ヒューオンスは希少難治性腸疾患であるクローン病の治療薬開発に乗り出す。現在まで線維化を直接標的とする治療薬がなく、手術依存度が高いクローン病患者の治療限界を補完することが目的である。
同社は国家新薬開発事業団が主管する「新薬R&Dエコシステム構築研究(候補物質)」課題に選定されたと23日明らかにした。今後2年間、政府支援を受け、トランスグルタミナーゼ2(TG2)阻害剤に基づく線維狭窄性クローン病治療薬の候補物質を導出し、非臨床段階への移行を推進する。

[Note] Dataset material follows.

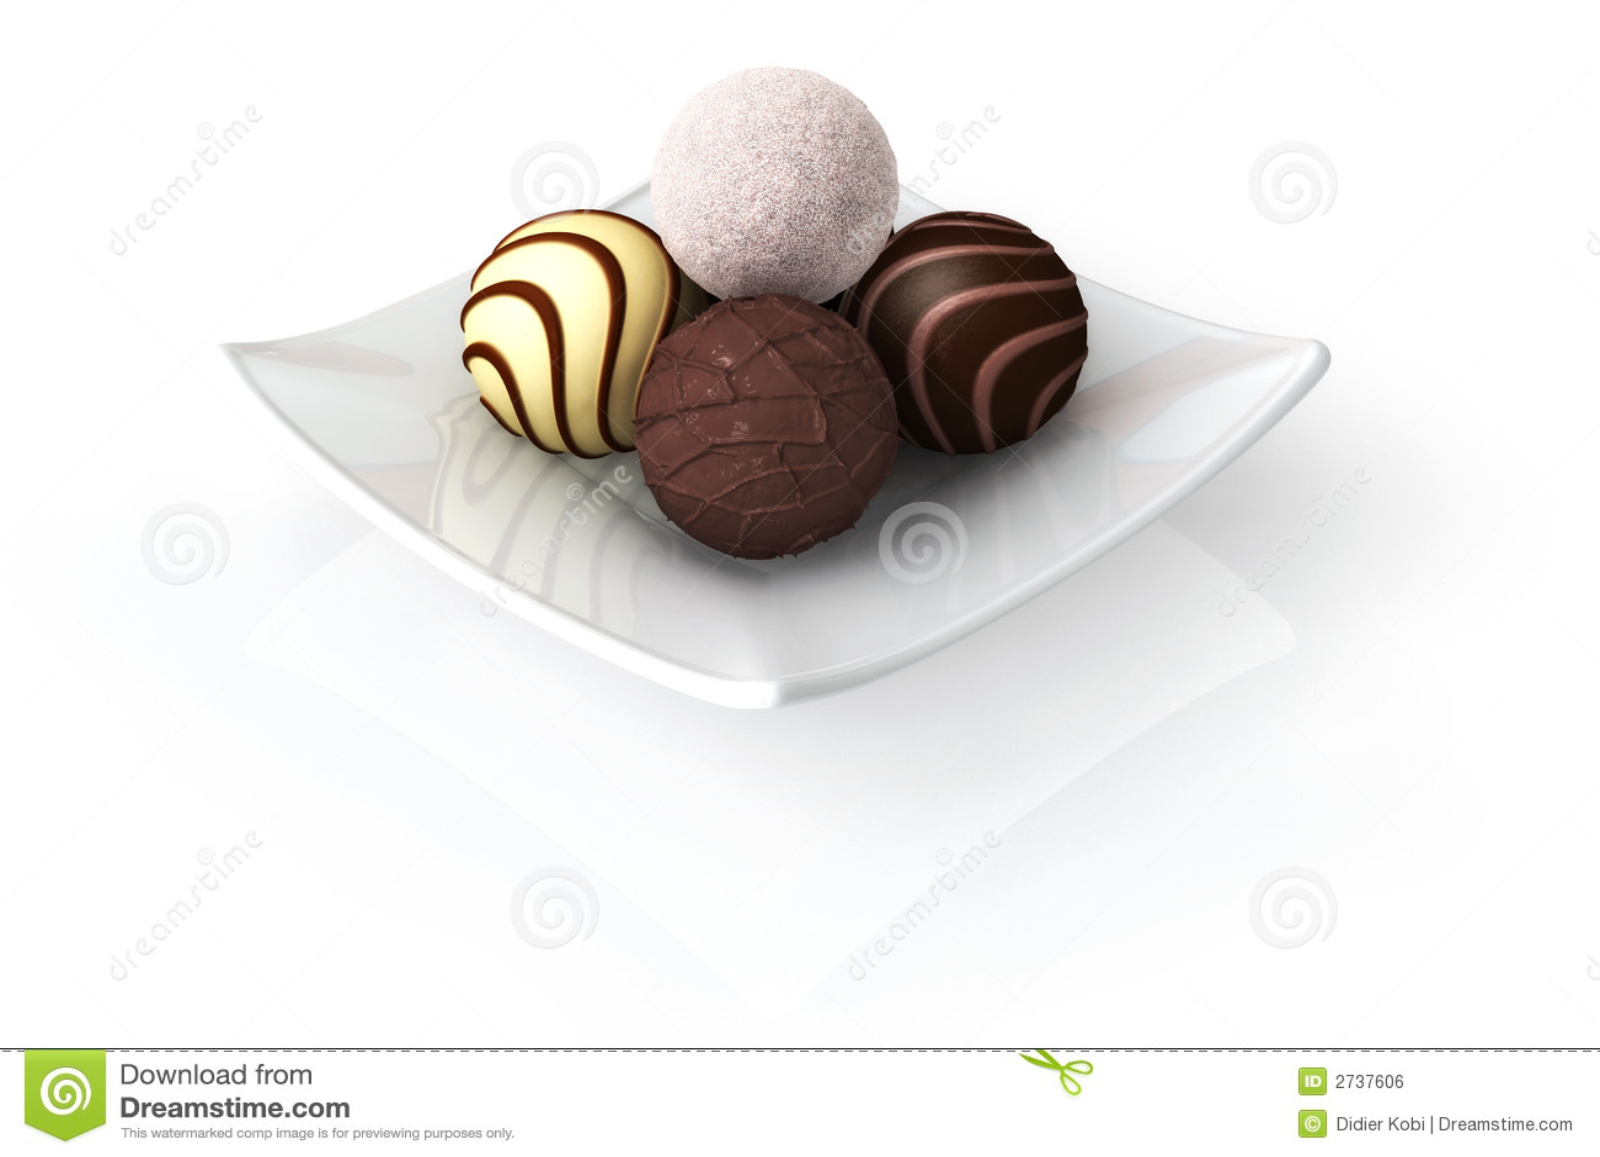 Chocolate on White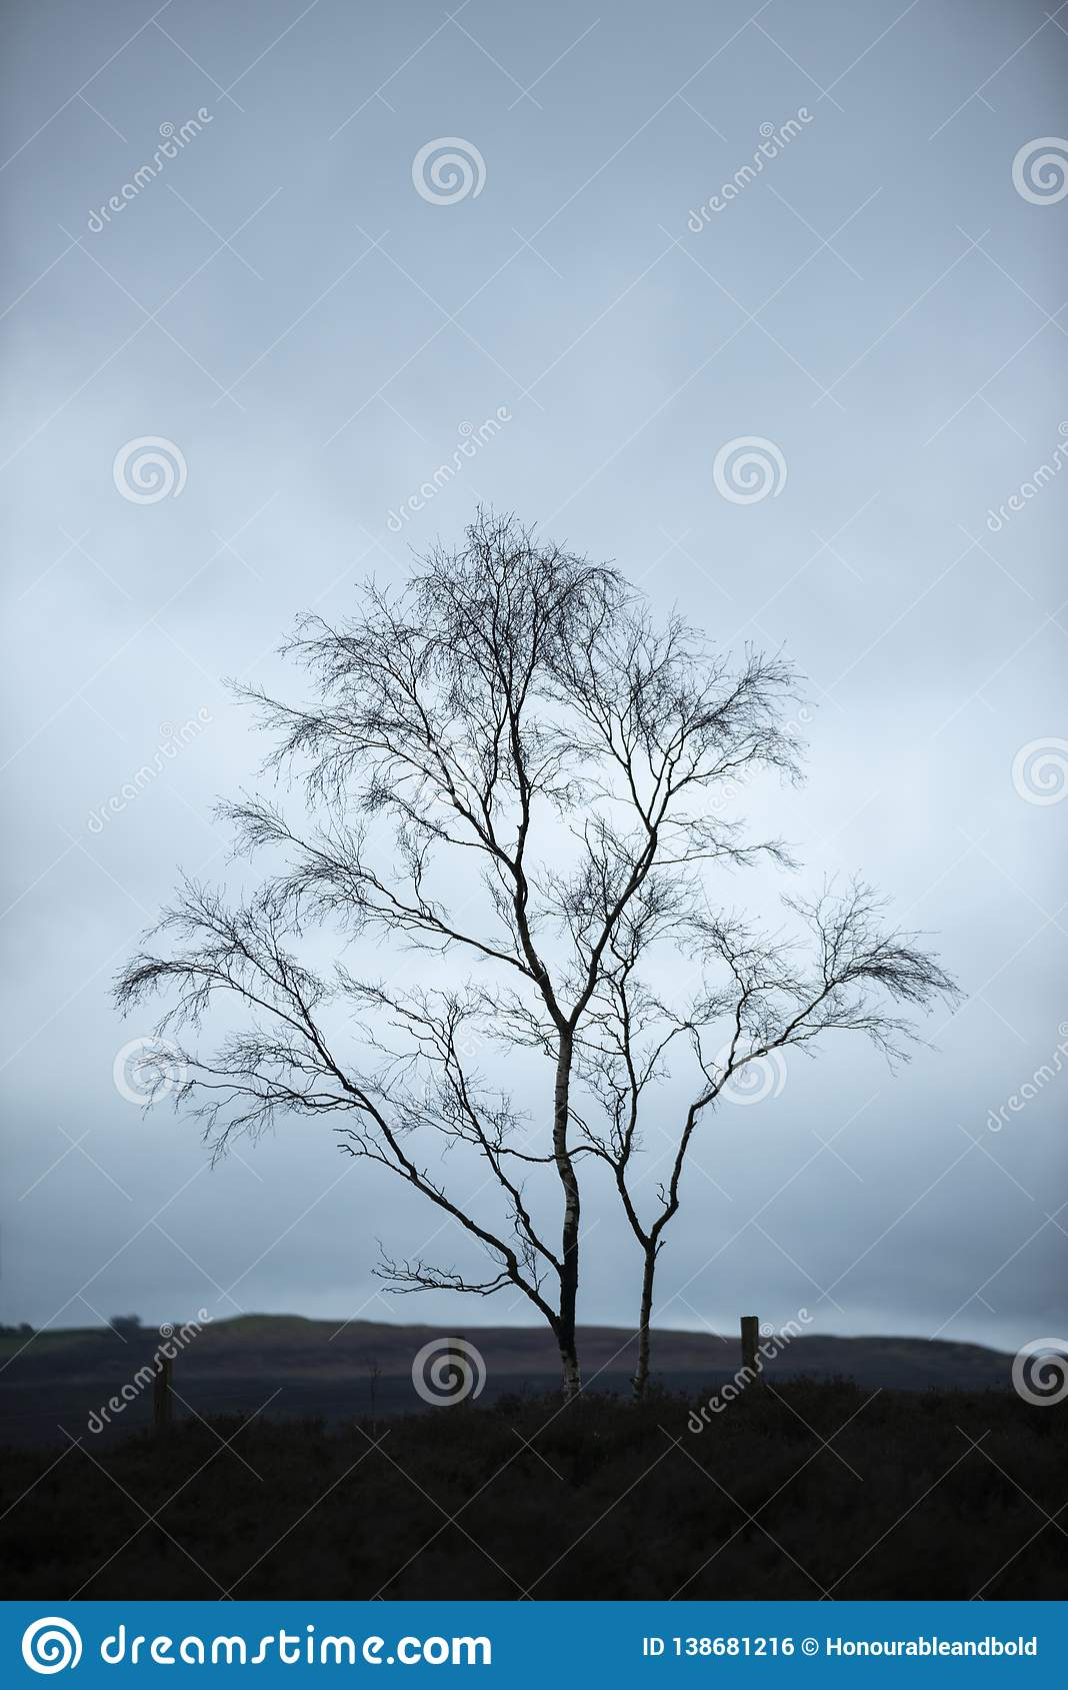 Moody Winter landscape image of skeletal trees in Peak District in England against dramatic dark sky

線維狭窄性クローン病は、腸粘膜の慢性炎症が反復し、腸壁が厚くなり狭くなる狭窄が発生する疾患である。現在まで線維化を直接狙った承認治療薬はなく、手術に依存する場合が多い。
従来の治療薬開発は炎症によって誘発される線維化の抑制に集中してきたが、実際の線維化進行自体を止めるには限界があった。ヒューオンスはTG2阻害剤によって線維化の「進行過程」自体を制御するアプローチを試みる点で差別化を強調した。
同社はドライアイ、EGFR標的肺がん、線維化疾患治療薬、低分子肥満治療薬などで新薬パイプラインを拡張しており、新規モダリティ研究も並行している。
また、人工知能(AI)基盤の新薬開発プラットフォーム「HUAS(Huons AI System)」を全周期研究に適用し、候補物質探索と開発効率を高めている。今回のクローン病課題にもHUASを活用し、非臨床入りのスピードを高める計画である。
ヒューオンス研究開発総括のパク・ギョンミ副社長は「今回のTG2阻害剤課題は、治療代替が不足する線維狭窄性クローン病患者に新たな治療オプションを提示するファースト・イン・クラス(first-in-class)の革新新薬を目標とする」と述べ、「線維化の結果ではなく進行段階自体を調節する機序で、グローバル競争力を備えた新薬として開発する」と語った。